◆ **INFORMATION PROVIDED**:
##############################

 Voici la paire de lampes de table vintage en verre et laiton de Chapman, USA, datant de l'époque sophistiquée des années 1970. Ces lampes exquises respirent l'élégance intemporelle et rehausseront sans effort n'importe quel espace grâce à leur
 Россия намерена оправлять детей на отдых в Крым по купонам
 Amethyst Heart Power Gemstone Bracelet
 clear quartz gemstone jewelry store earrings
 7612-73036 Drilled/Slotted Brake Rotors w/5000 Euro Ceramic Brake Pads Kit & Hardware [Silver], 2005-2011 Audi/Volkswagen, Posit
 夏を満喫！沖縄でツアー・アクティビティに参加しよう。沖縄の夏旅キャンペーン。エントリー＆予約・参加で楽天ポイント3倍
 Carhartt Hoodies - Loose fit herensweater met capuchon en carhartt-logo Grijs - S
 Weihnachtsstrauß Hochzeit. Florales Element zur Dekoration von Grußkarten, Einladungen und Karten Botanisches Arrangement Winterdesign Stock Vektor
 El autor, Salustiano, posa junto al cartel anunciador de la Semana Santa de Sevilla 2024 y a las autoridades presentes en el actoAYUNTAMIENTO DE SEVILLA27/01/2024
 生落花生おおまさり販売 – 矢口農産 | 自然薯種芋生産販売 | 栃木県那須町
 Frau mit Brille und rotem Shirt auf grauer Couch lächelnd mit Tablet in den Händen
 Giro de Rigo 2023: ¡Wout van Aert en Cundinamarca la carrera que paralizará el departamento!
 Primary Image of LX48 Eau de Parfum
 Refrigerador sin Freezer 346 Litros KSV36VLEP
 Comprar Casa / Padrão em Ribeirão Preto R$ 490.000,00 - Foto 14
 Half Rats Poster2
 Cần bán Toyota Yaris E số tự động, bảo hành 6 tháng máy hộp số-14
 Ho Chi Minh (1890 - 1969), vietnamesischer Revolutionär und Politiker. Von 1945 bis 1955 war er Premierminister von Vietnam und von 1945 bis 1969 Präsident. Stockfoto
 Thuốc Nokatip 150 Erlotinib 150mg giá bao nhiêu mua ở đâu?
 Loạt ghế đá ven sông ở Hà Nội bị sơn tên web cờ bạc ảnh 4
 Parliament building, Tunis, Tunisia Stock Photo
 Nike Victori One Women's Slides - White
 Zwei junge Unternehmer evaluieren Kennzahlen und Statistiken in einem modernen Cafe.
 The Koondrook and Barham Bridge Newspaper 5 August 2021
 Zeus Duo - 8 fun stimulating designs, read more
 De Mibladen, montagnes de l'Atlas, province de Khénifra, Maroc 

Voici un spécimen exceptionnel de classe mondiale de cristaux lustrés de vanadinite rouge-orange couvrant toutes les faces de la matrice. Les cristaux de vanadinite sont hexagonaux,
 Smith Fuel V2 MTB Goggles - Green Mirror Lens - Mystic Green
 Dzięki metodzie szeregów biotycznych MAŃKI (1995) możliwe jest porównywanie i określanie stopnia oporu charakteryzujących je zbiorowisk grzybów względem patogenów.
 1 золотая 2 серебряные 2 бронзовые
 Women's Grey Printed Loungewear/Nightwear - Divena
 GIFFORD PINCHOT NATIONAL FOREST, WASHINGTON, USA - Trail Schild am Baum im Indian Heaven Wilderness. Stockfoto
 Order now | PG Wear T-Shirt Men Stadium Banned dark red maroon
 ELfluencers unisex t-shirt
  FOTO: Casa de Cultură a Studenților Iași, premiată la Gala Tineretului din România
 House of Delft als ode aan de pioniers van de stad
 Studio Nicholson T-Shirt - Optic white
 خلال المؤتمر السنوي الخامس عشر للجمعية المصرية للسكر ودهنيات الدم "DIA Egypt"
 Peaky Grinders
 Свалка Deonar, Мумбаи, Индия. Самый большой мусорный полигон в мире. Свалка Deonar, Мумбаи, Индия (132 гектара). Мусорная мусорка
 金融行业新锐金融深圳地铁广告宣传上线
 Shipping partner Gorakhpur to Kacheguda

##############################

◆ **ASSIGNED TASK**: In the entries above, find the line with "Ho Chi Minh" and the line with "Loạt ghế đá", then restate word for word both of them and every line between, with nothing more.

◆ **SOLVED PROBLEM**:
 Ho Chi Minh (1890 - 1969), vietnamesischer Revolutionär und Politiker. Von 1945 bis 1955 war er Premierminister von Vietnam und von 1945 bis 1969 Präsident. Stockfoto
 Thuốc Nokatip 150 Erlotinib 150mg giá bao nhiêu mua ở đâu?
 Loạt ghế đá ven sông ở Hà Nội bị sơn tên web cờ bạc ảnh 4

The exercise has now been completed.